- _Dataset content_:
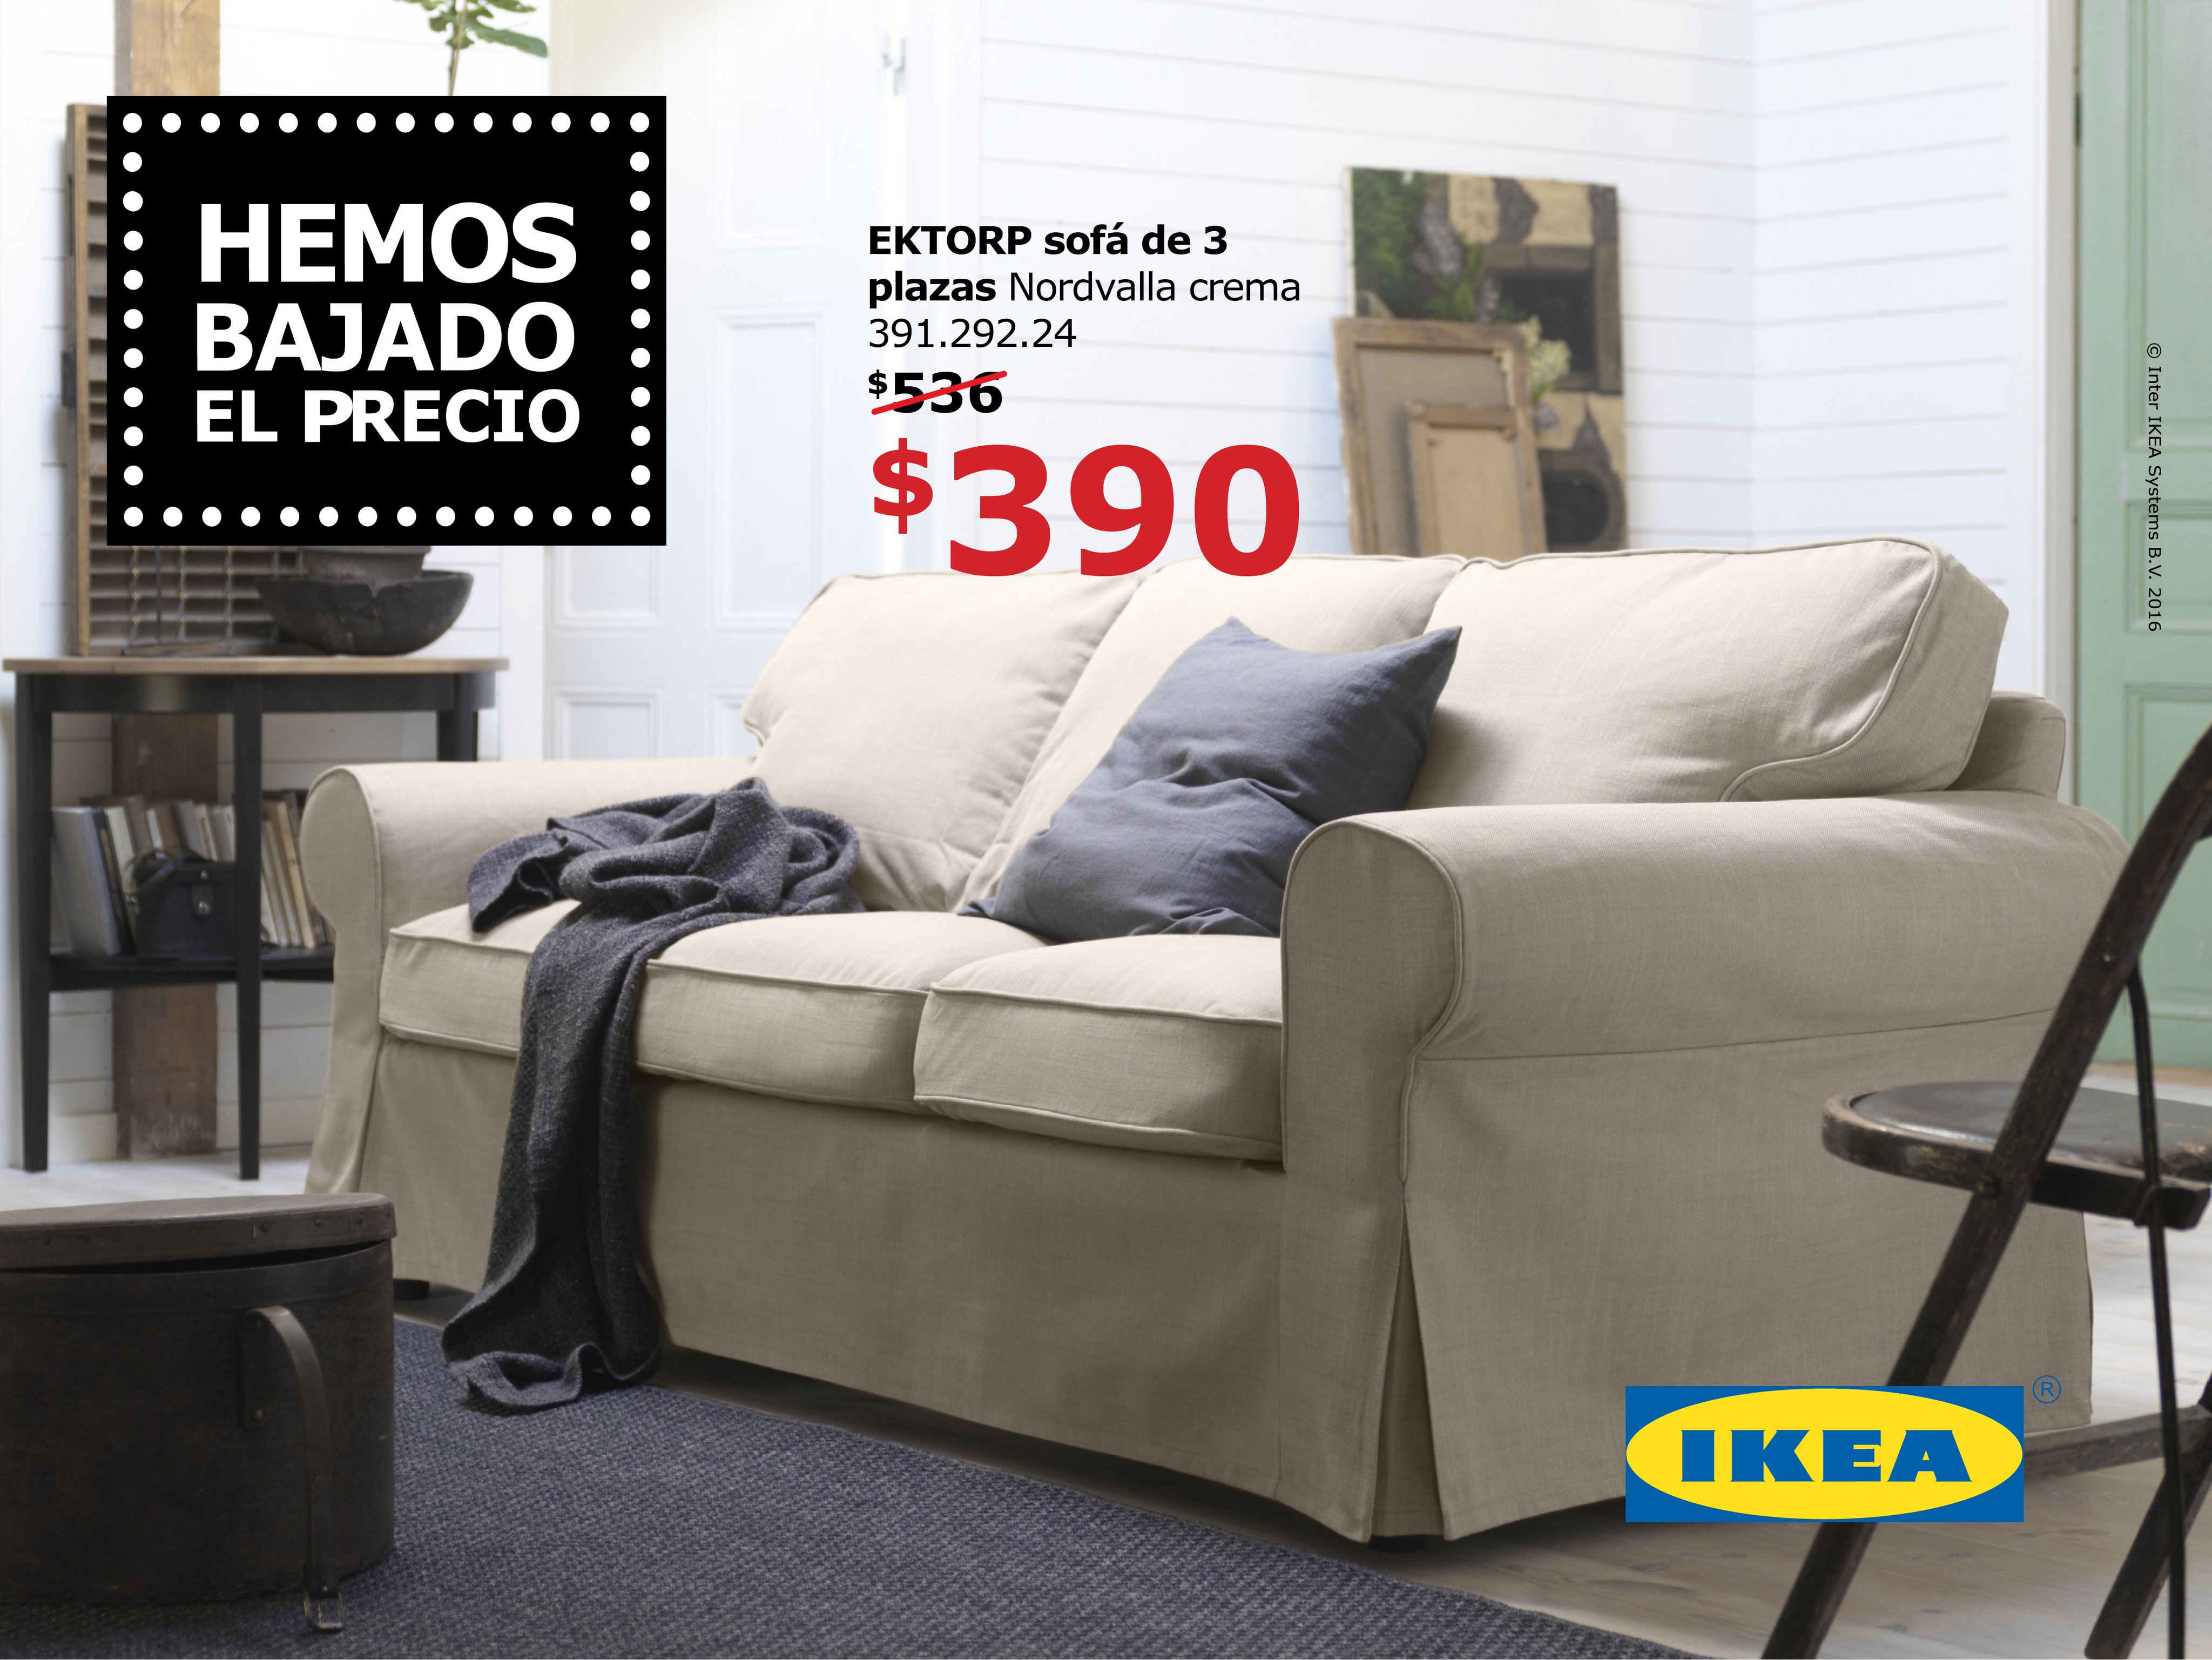 material Desplazamiento falda IKEA Puerto Rico on Twitter: "¡Hemos bajado el precio de tu sofá EKTORP  para que tus invitados estén aún más cómodos! https://t.co/5RJXfQVeCh" /  Twitter
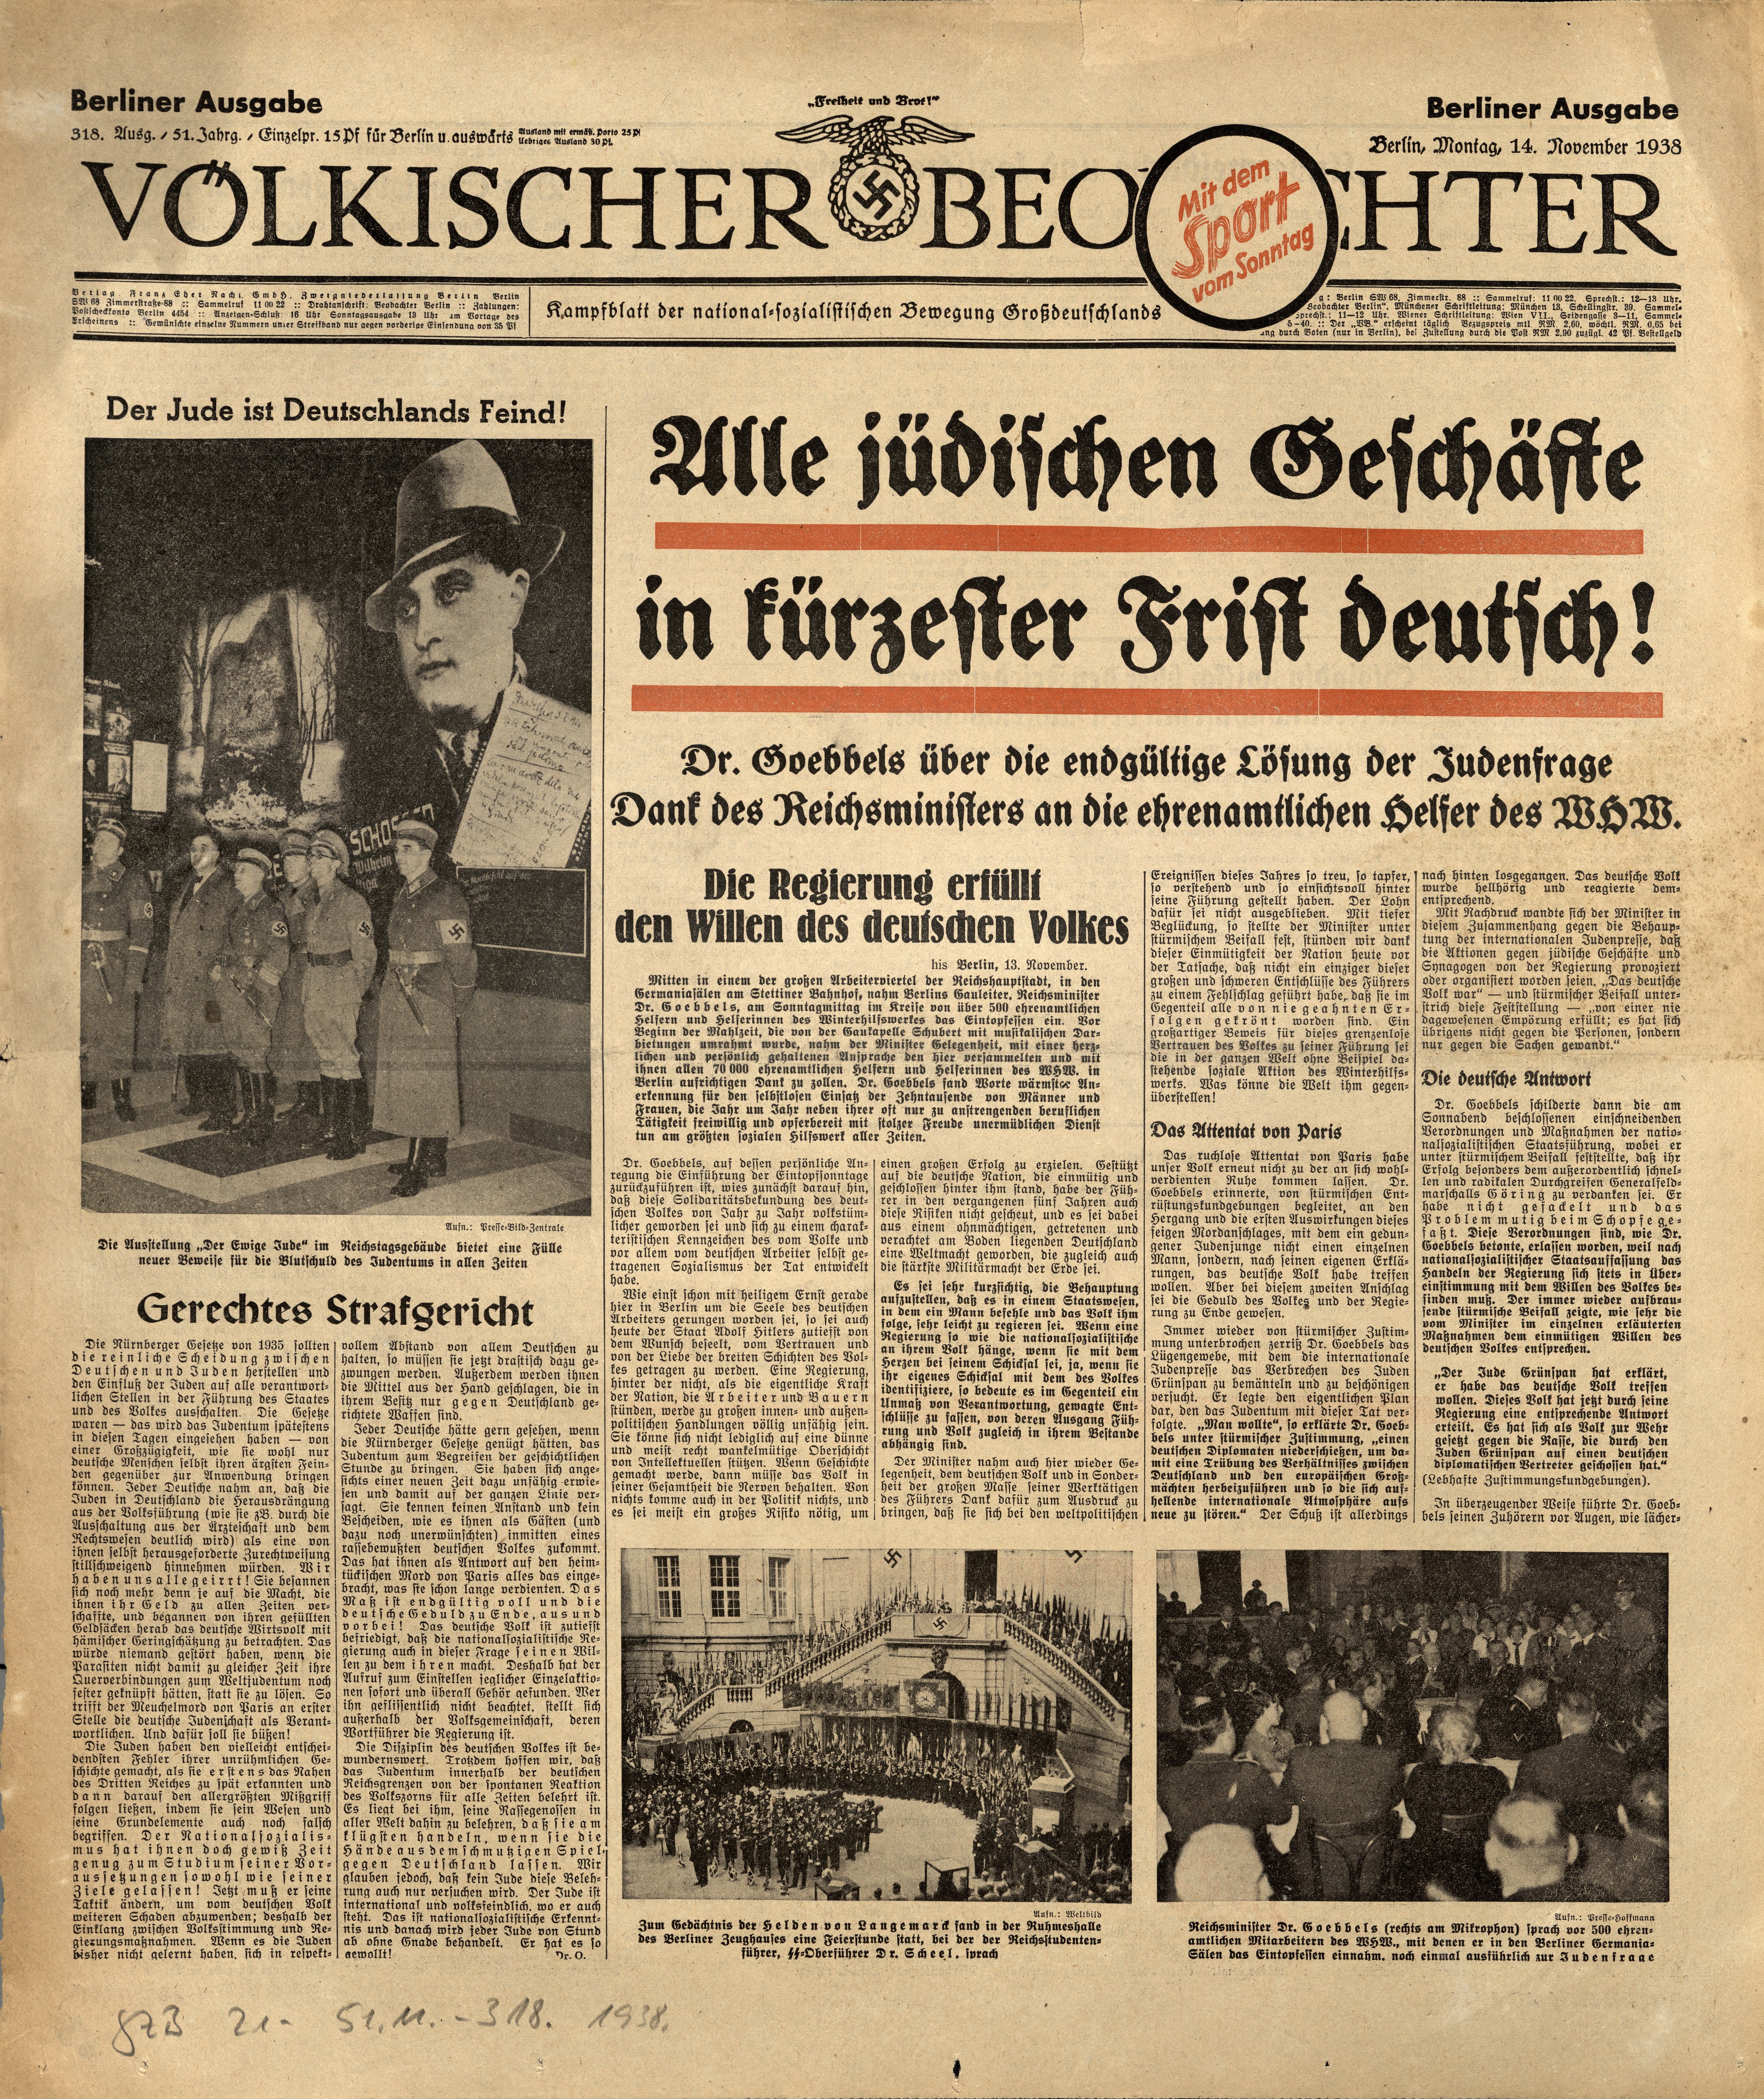 Zeitung: "Völkischer Beobachter" vom 14. November 1938
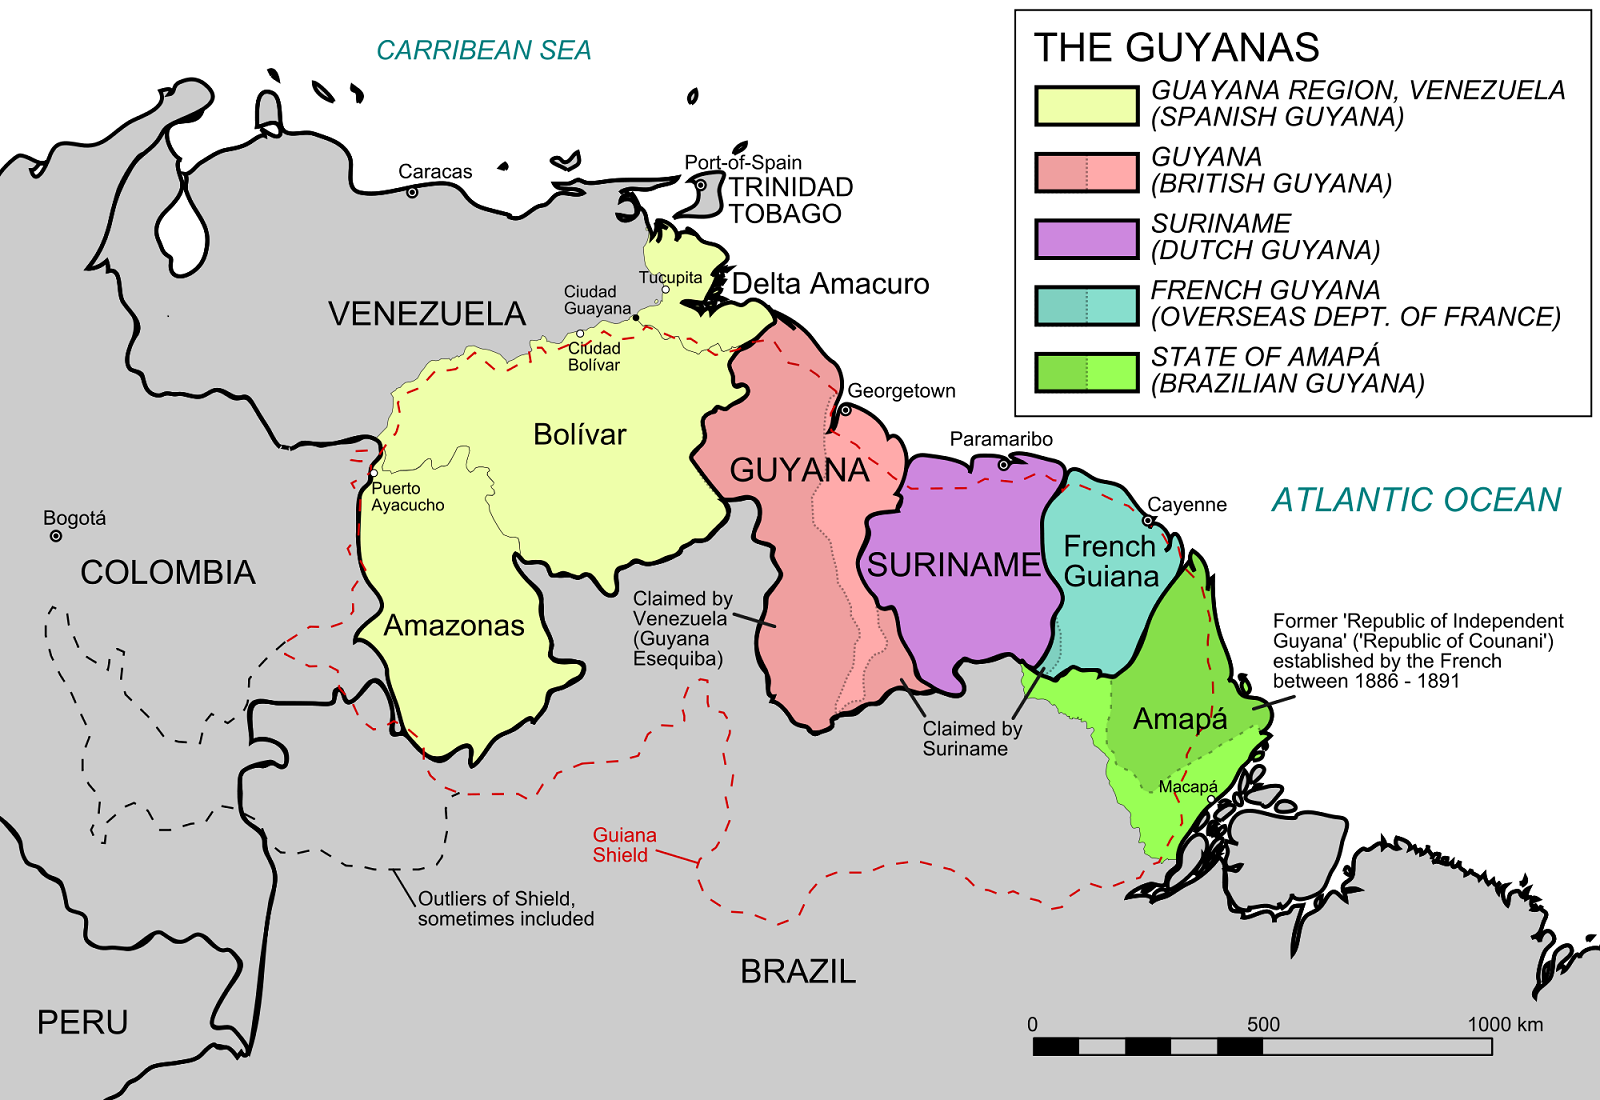 Francúzska Guyana, Surinam, Guyana, Trinidad a Tobago – cestovateľské rady, tipy a itinerár

- _Aim of the exercise_: Print the material again word for word. Please drop every picture.

- _Result for this task_:
 material Desplazamiento falda IKEA Puerto Rico on Twitter: "¡Hemos bajado el precio de tu sofá EKTORP  para que tus invitados estén aún más cómodos! https://t.co/5RJXfQVeCh" /  Twitter
 Zeitung: "Völkischer Beobachter" vom 14. November 1938
 Francúzska Guyana, Surinam, Guyana, Trinidad a Tobago – cestovateľské rady, tipy a itinerár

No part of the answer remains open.